### WHAT IS EXPECTED
Starting at the line that holds "福津市長インタビュー動画(マニフェスト検証結果について)" and stopping at the line that holds "Terrain pour l", restate the records below word for word, with both of those lines included.
==== RECORDS TO PROCESS
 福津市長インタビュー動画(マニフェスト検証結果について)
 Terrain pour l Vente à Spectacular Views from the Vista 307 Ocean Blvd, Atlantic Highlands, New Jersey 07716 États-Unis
========
==== RECORDS TO PROCESS
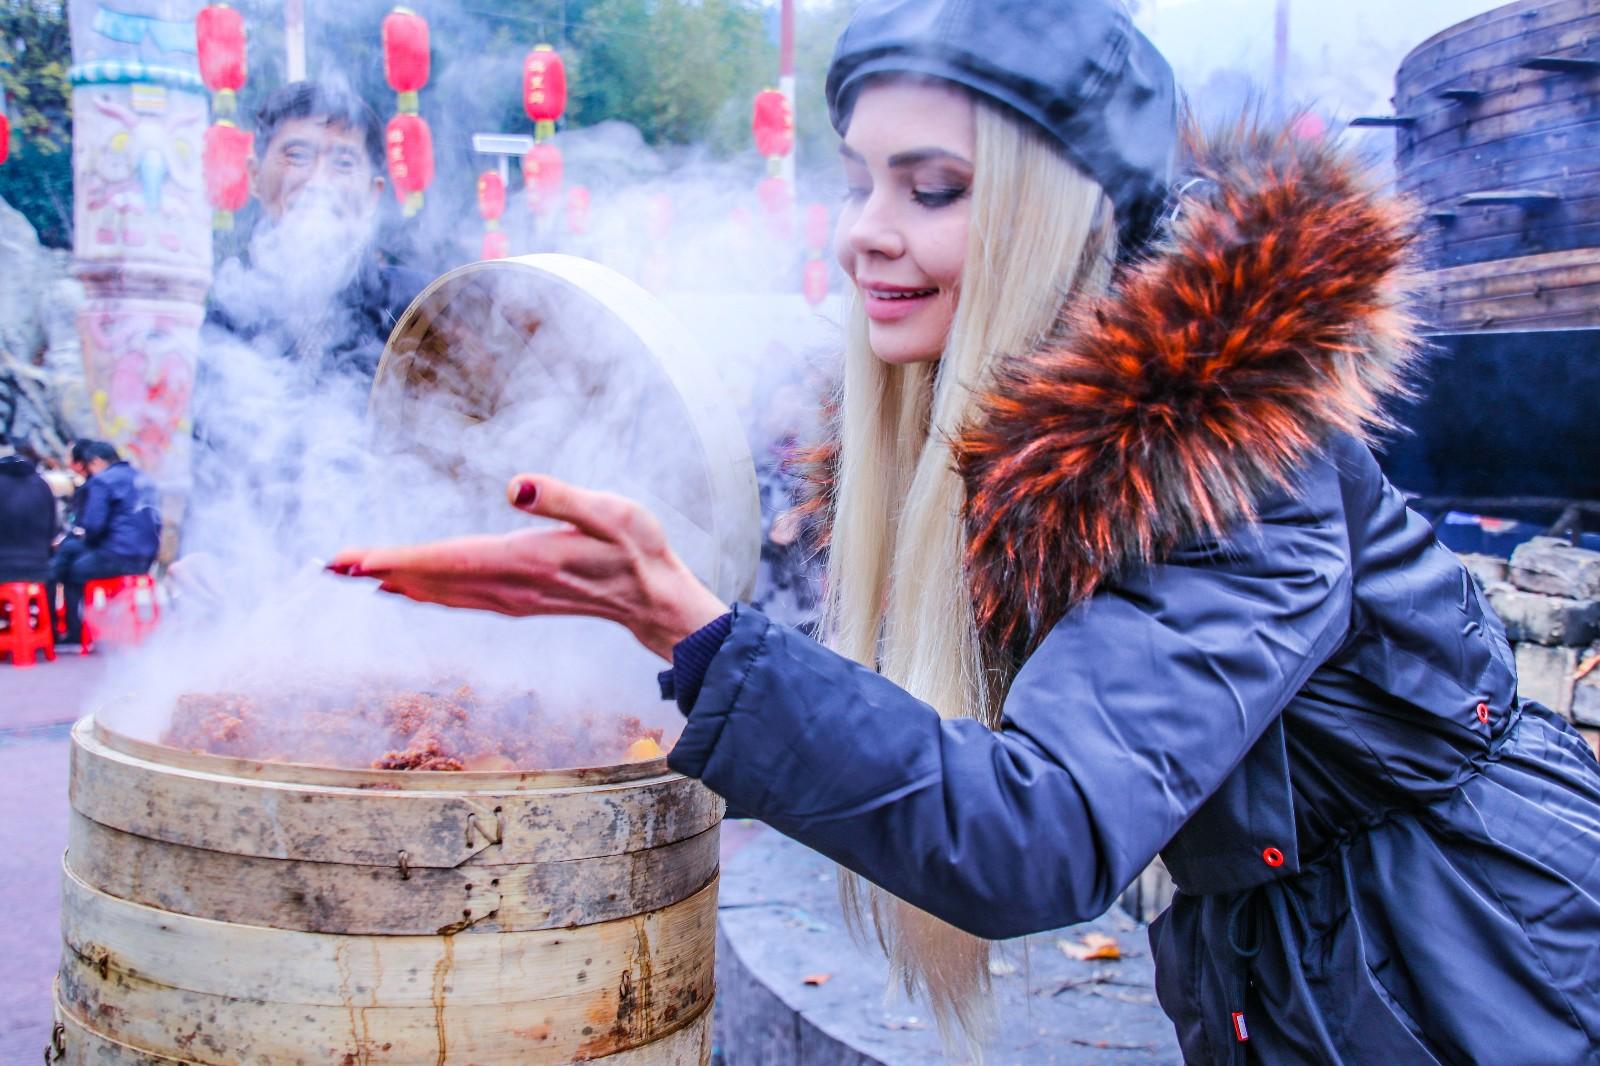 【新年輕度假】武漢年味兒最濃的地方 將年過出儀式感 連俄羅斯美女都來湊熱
========
### EXERCISE RESULT
 福津市長インタビュー動画(マニフェスト検証結果について)
 Terrain pour l Vente à Spectacular Views from the Vista 307 Ocean Blvd, Atlantic Highlands, New Jersey 07716 États-Unis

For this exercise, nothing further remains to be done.